Frank Johnston, attorney-general, for the state.
The indictment is in the words of the statute, and the objection that it does not allege that the promise of marriage was made to Katie Douglass is captious. It informs accused of the nature of the crime charged. 1 Bish. Crim. Pro., §§ 511, 526; Bish. Stat. Cr., § 645. Any other construction than that the promise was made to her is strained and unreasonable. 1 Bish. Crim. Pro., § 356.
The instruction for the state was proper. It followed the rule laid down in Ferguson v. State, 71 Miss. 805. The proposition that previous unchastity is not a defense to an indictment for seduction under our statute follows logically from the decision that such previous chastity need not be averred in the indictment, and was expressly announced in the two concurring opinions.
Argued orally by Geo. S. Dodds, for appellant, and Frank Johnston attorney-general, for the state.
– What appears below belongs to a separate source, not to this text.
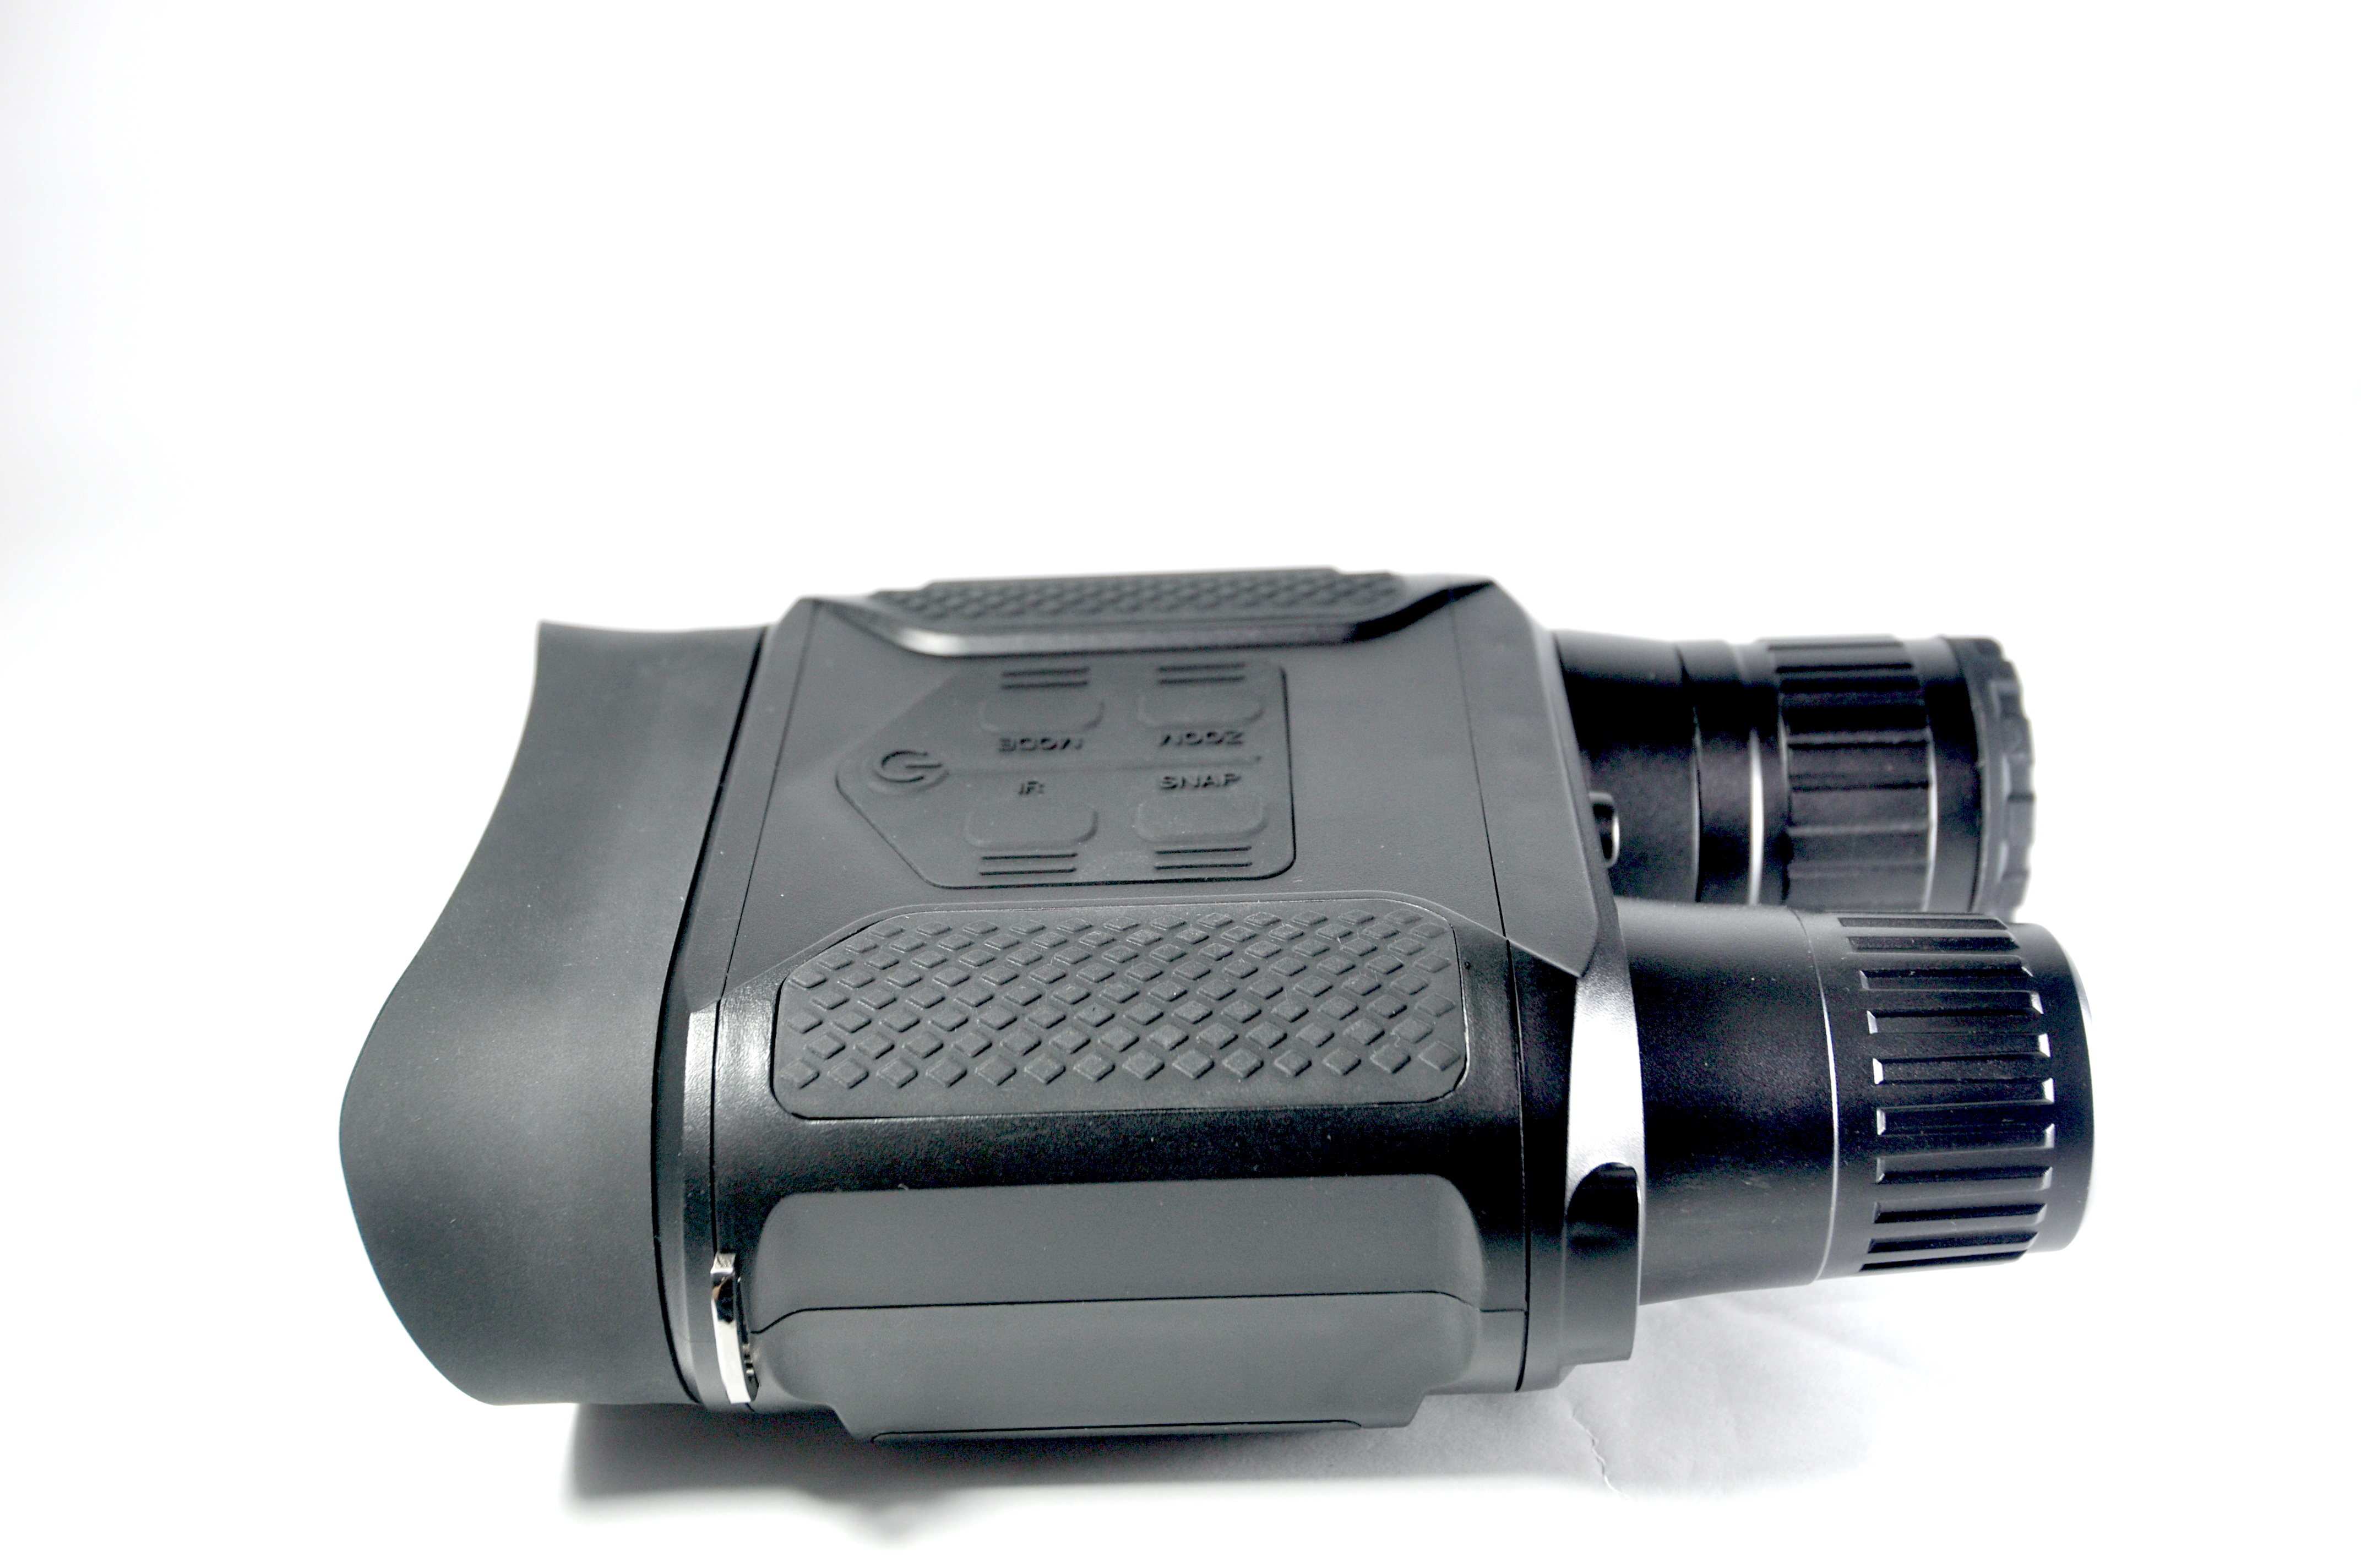 Eyebre-NV-800-7x31-Digital-Night-Vision-Telescope-Binocular-400m-Wide-Dynamic-Range-Takes-720p-Video-1194347

We cannot treat the motion to quash as a demurrer. The language of §§ 1354, 1355, code 1892, is plain, and binds us. If a demurrer had been interposed below, it should have been sustained, and the indictment quashed, unless amended; for the averment, which ought to be clearly set forth in every indictment under § 1298, code 1892--that the defendant made the promise to the woman of whom he had the carnal knowledge--whilst set forth here in such wise as to prevent objection after verdict, is not set forth with such clearness as to sustain the indictment, against objection properly taken before verdict by demurrer. But, whilst we cannot treat the motion to quash as a demurrer, yet if the indictment omits altogether any averment that the defendant made the promise to the woman of whom he had carnal knowledge, which averment we hold to be essential in such an indictment, there would be a total omission of a matter of substance--of an element of the very essence of the offense--and the indictment would be void as charging no offense, and the judgment and sentence of the law could not follow upon a conviction had under it; and, a matter of constitutional right being thus involved, the point could be raised here, and § 1341, code 1892, would not apply, as held in Lewis v. State, 49 Miss. 354, and Newcomb v. State, 37 Miss. 383. The whole pith of the matter is put by Chief Justice Shaw (23 Pick. 275) in this language, approved by this court in Sullivan v. State, 67 Miss. 346, 7 So. 275: "The verdict of a jury does nothing more than verify the facts charged; and, if these do not show the party guilty, he cannot be considered as having violated the statute." There can be no doubt that it is of the essence of the offense denounced by § 1298, code 1892, that the defendant should make a false or feigned promise of marriage to the woman in the case, and that the indictment should aver this. 4 Parker's Crim. Rep., p. 528. In Bishop's Directions & Forms, § 950, the proper form of indictment under this statute is specifically set forth, the language being "that A did obtain carnal knowledge of one X, . . by virtue of a false express promise of marriage to her previously made by the said A."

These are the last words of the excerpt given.